My general belief about this is that there will always be a market for fictional entertainment and that games are the template for what will be in the interactive environment. So far we have about 30 years of interactive entertainment development. The only successful ones that I have really seen are games. One thing that has not migrated has been traditional drama/comedy type programming. But where you do see it is in games like Ultima.

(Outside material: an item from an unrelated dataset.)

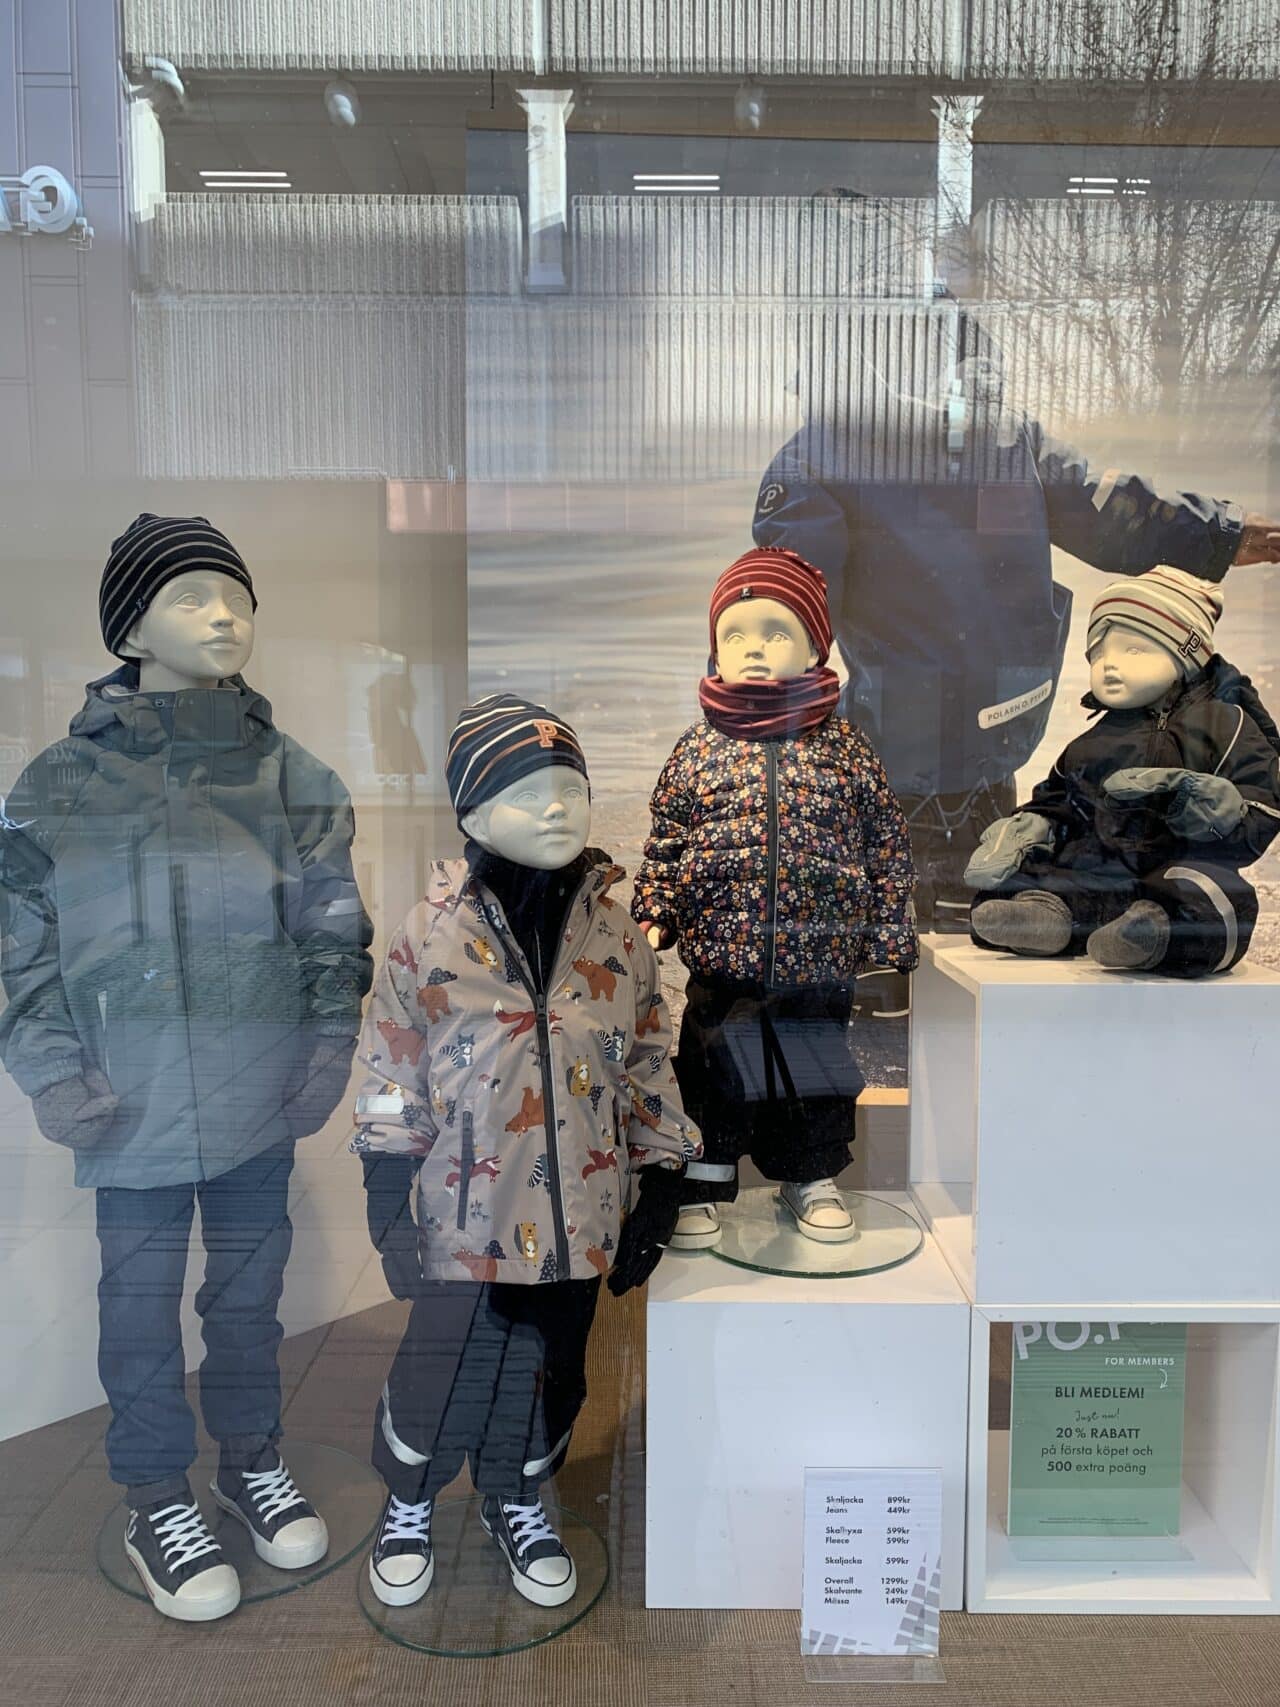 Children Winter Clothing In Store Window

Ultima was developed out of MUOOS. It is an online game that takes place in a sort of vaguely medieval space. A player is born into Ultima pretty much like you were born into the world: naked, crying and alone. You have to accumulate an identity and it takes a long time. It also costs $10 a month. The more time you spend the easier your identity will become. You buy property, you build a house and you take on an occupation. There is actually quite a conflict between the settlers and the soldiers so to speak. The same conflict if you had a house in Woodland Hills and people were always starting wars. It's really very funny. Pretty much the users keep the story moving; 90% of the story is moved by the players. But they have a staff of writers and if they begin to feel there needs to be some big event then they will stage it. Or they have celebrities come on who play characters. It's starting to take on some of the characteristics; the attention to detail, individual environments, the use of writers to quote 'move the story along.'

I think some people have been looking at the wrong format. Look at DEN and the most recent crop of failures. What was their template? TV. TV is not natively interactive and isn't going to work. Games have a native interaction to them. No matter how fast or slow, they just do, so they fit the interactive environment really well. We are going to see many, many, many more ways of doing games that are collaborative, dramatic environments; fantasy environments.

HK: So when your TV/computer et. al. is one, you might have the option of watching TV or a movie as we know it today, or interacting in one of these environments?

JVT: Yes. Who wouldn't want to have a big, beautiful game that's 8 x 10 while you're leaning on the couch eating grapes with your horizontally and vertically fixed air mouse? It probably won't work for twitch games very well though.